The trend of growing inventories has continued this month, with 15.91% more inventory on the market in June on a year-over-year basis. This growth in inventories can be attributed to the fact that the new homes are hitting the market at a much faster rate than new buyers are entering the market. In June, we saw a 0.77% increase in the number of existing homes sold on a year-over-year basis, while at the same time, we saw a 7.25% increase in the number of new listings hitting the market. Although there are still some buyers entering into the market every month, there is still a rather large contingent of people holding out until rates come back down.

The Fed is holding rates steady due to economic uncertainty

This past month, we saw the Fed hold rates steady once again, as they brace for the consequences of the newly minted tariff policies that went into effect in early August. Although inflation data has led many to believe that we need to see substantial rate cuts in the not-so-distant future, Fed officials are incredibly concerned about the potential impacts of the freshly enacted tariff policy. Additionally, the Fed has a dual mandate; it’s responsible for controlling inflation and promoting maximum employment. At this point in time, we’re seeing relatively low inflation, and a very low unemployment rate, so Fed officials seemingly aren’t in a hurry to cut the federal funds rate.

Mortgage rates remain stagnant, but comparatively high

It probably isn’t much of a surprise that inventories are building and median sale prices have remained relatively stagnant, given the lack of movement in rates. Many believe that there is a very large contingent of people who simply aren’t willing to pay a comparatively very high interest rate to purchase a home, especially given that many have locked into rates in the 2-4% range on existing homes. The consistently high mortgage rates that we’ve seen have led people to stay in their homes for longer, resulting in more sellers on the market than buyers. However, we might see some movement if we see some positive commentary from the Fed in the upcoming FOMC meeting.

However, it’s important to remember that this is what we’re seeing at a national level. Oftentimes, what we see in California can be quite a bit different than the nation as a whole.
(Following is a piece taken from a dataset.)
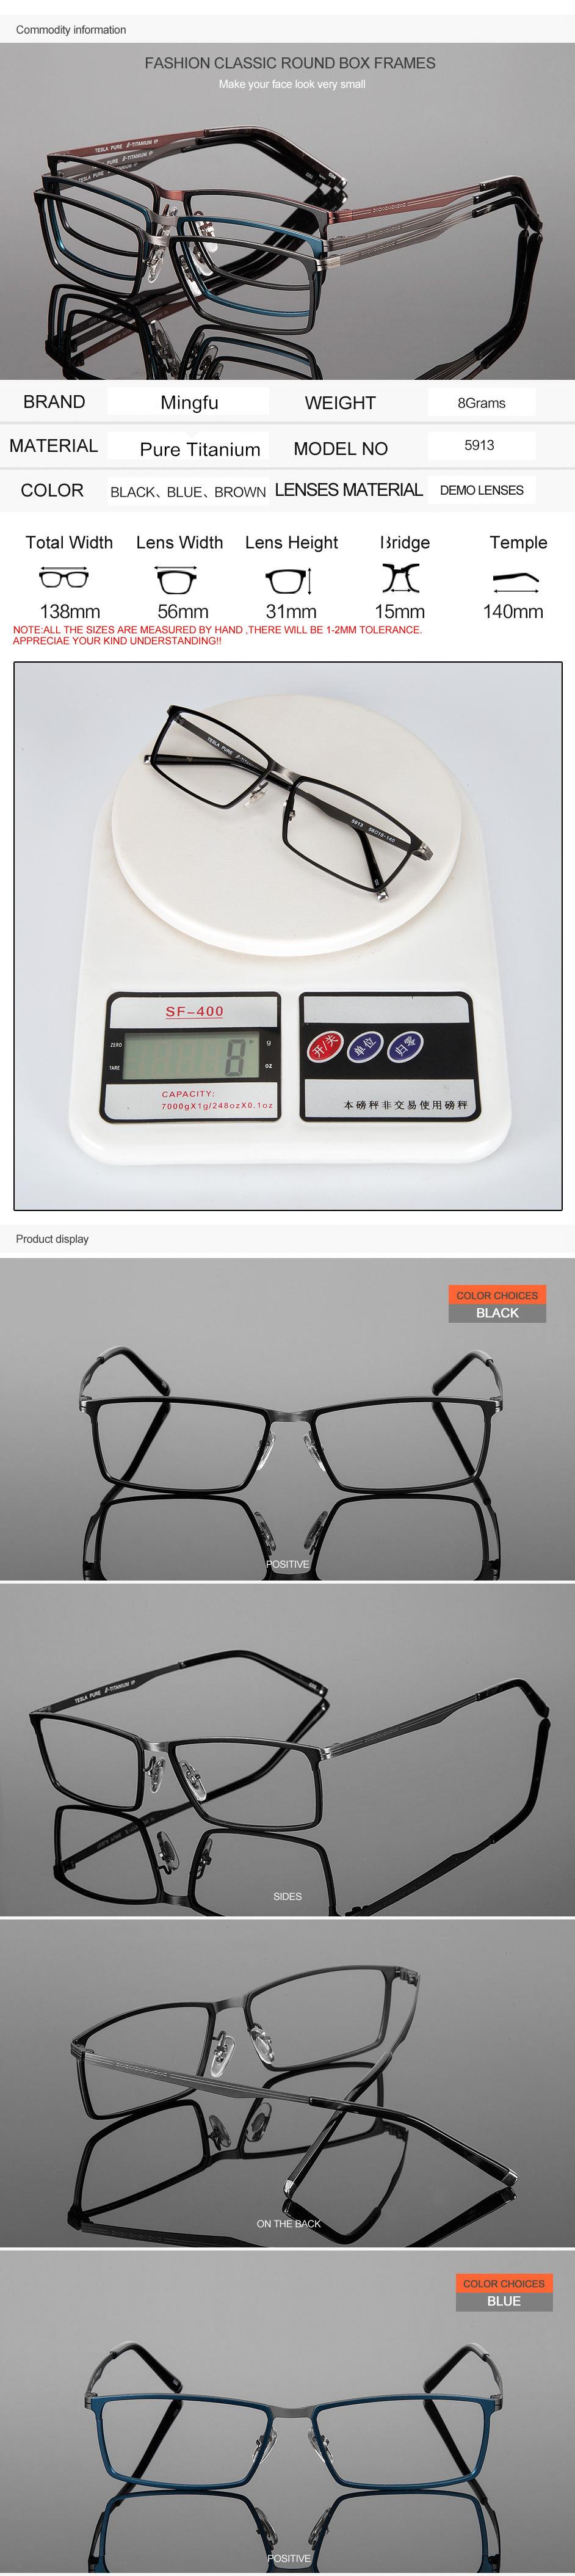 02d498df30 Pure Titanium Eyeglasses Rimless Optical Frame Prescription Spectacle  Frameless Glasses For Men Eye glasses Silicon Foot 16123USD 26.99 piece

We’ve done a deep dive into California markets in the local lowdown section below.

Big Story Data

A line graph showing existing home sales and inventory from June 2024 to June 2025. Existing home sales, represented by a dark blue line, fluctuate between 3.8M and 4.3M, peaking in December 2024 and March 2025. Inventory, represented by a light blue line, steadily increases from 1.3M to nearly 1.5M over the period.

A line graph showing the Federal Reserve's holdings of mortgage-backed securities from 2009 to 2025. The holdings, measured in millions of dollars, show a rapid increase from 2009 to early 2011, then level off and slightly decline before a sharp increase in early 2020. The peak is reached in early 2022 at just over $2.5 trillion, followed by a gradual decline through 2025.

A bar chart displaying the median monthly principal and interest (P&I) payment from May 2024 to May 2025. The payments, measured in dollars, fluctuate between approximately $2,000 and $2,250. The highest payment is in May 2025 at $2,254, while the lowest is in May 2024 at $2,036 and September 2024 at $2,029.

A combination bar and line chart showing the median sales price and 30-year mortgage rates from June 2024 to June 2025. The median sales price, represented by dark blue bars, fluctuates between $393,400 and $435,300. Mortgage rates, represented by a light blue line, fluctuate between approximately 6.0% and 6.8%, peaking around November 2024 and April 2025.

A line graph showing new listings in the United States from July 2018 to July 2025. The number of new listings, measured in counts, shows a strong seasonal pattern with peaks typically in the spring and troughs in the winter. The overall trend shows higher listing counts in 2018-2021 compared to 2022-2025. The highest peak is near 600,000 in early 2019, while the lowest point is just above 200,000 in early 2023.